# An idea I'm kicking around...



## Tango (Feb 9, 2011)

I had a bit of a story circling around in tha back of my mind lately. It's about this guy/gal who is a treasure hunter that looks for galleons that sank and such. Now, the story doesn't focus on that, but how he/she got to be a treasure hunter. 

The story is mostly the adventures of the main character and friends as they scavange for 'treasure'' to get by on, since they will be a gang of cubs living in the streets and docks of a coastal city. The story will include various details about the 'code of the scavenger/treasure hunter', adventures that the group goes on (suchs as recovering lead from a sunken ferry boat while avoiding the Harbor Patrol), and such. The story is about anthros with no humans. 

As most know, I'm new here but I'd like to contribute to the FA community and entertain some of you with stories. I might put out a chapter a week or so.
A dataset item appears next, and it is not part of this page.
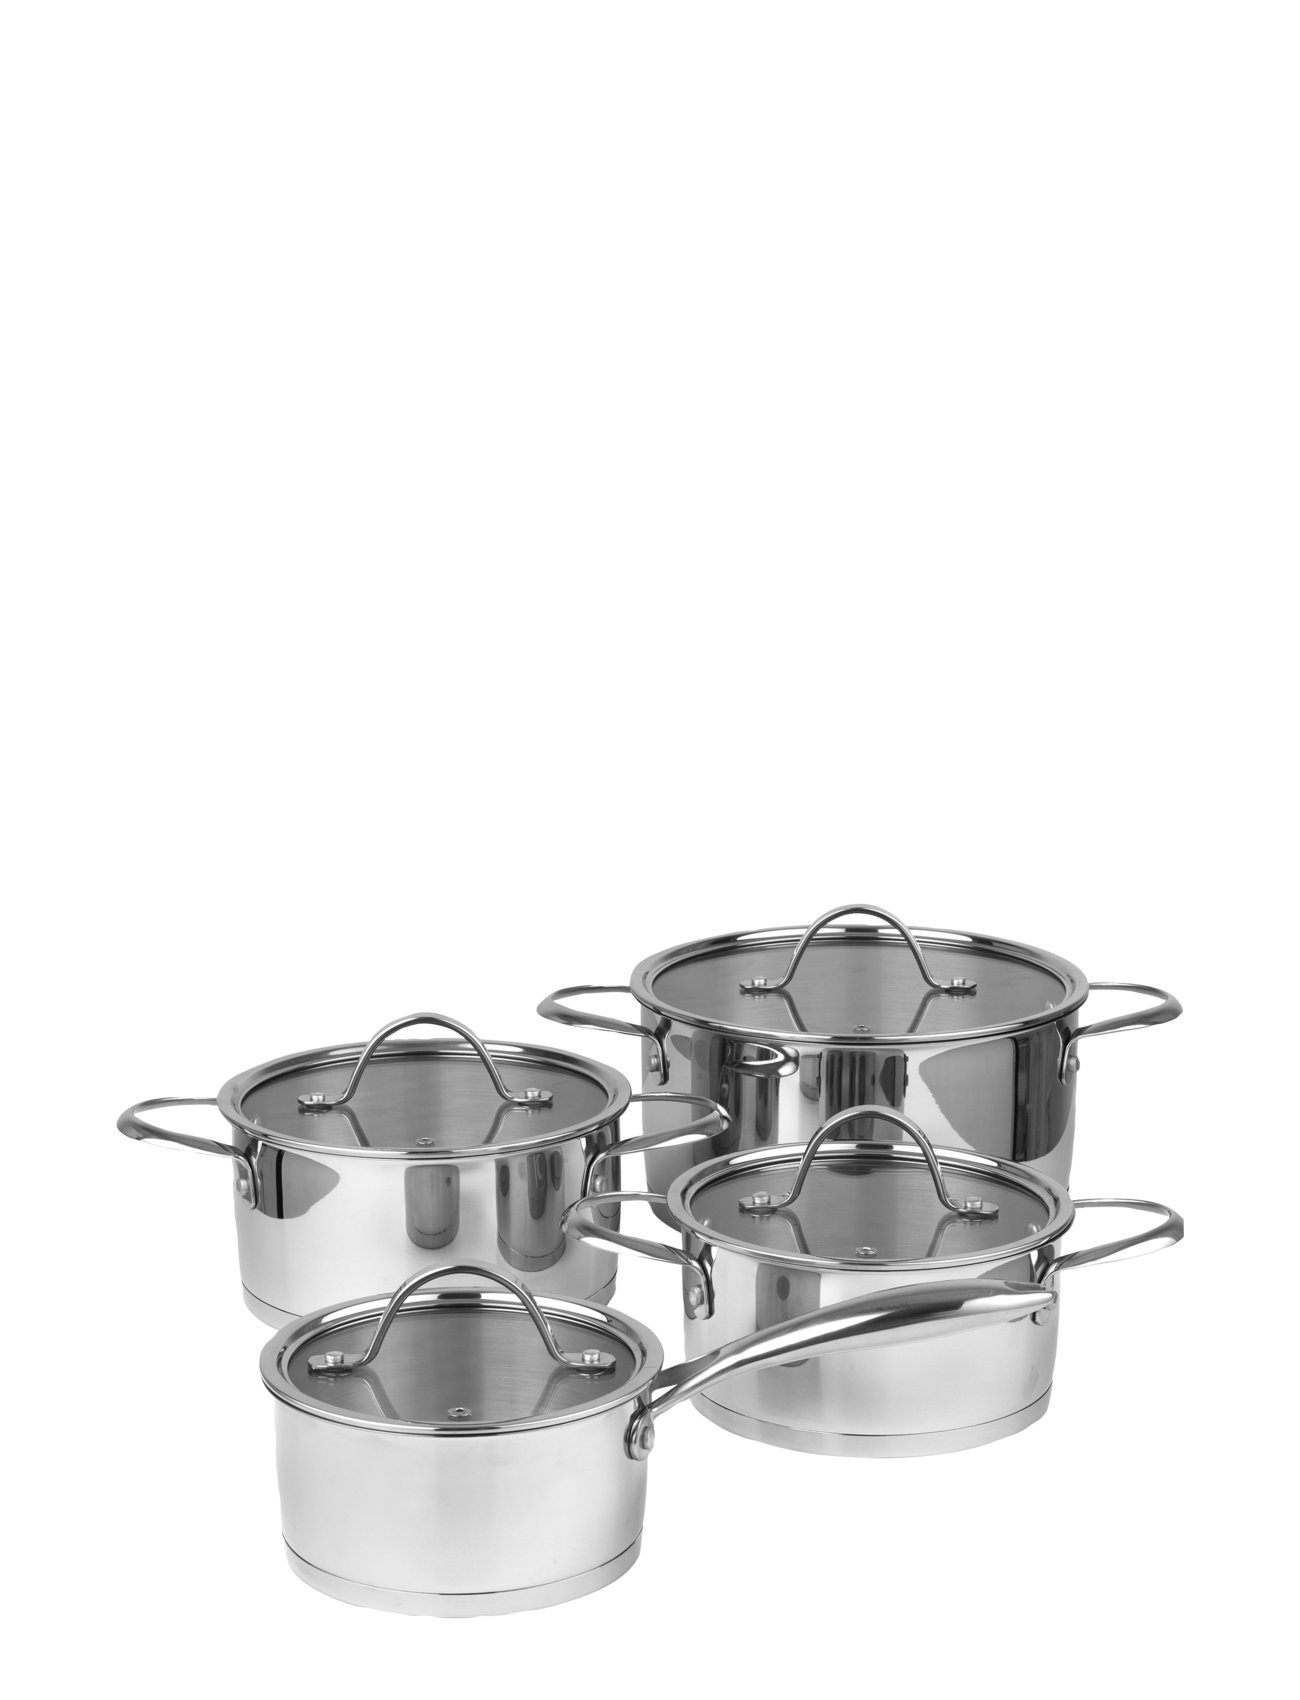 Grydesæt Med Glaslåg Mosel Home Kitchen Pots & Pans Saucepan Sets Silver Pillivuyt Gourmet

Any feedback would be nice.


----------



## Aden (Feb 9, 2011)

Just so long as it doesn't turn into porn.


----------



## Tango (Feb 9, 2011)

Aden said:


> Just so long as it doesn't turn into porn.


 
No and/or eww!


----------



## Monster. (Feb 9, 2011)

Tango_D said:


> No and/or eww!


Perfect! Go with the story; as long as you don't break forum rules, I'd be happy to take a read.


----------



## Dexter Fox (Feb 9, 2011)

Seems like an idea with real potential. It'll be interesting to see how the character goes through this journey.


----------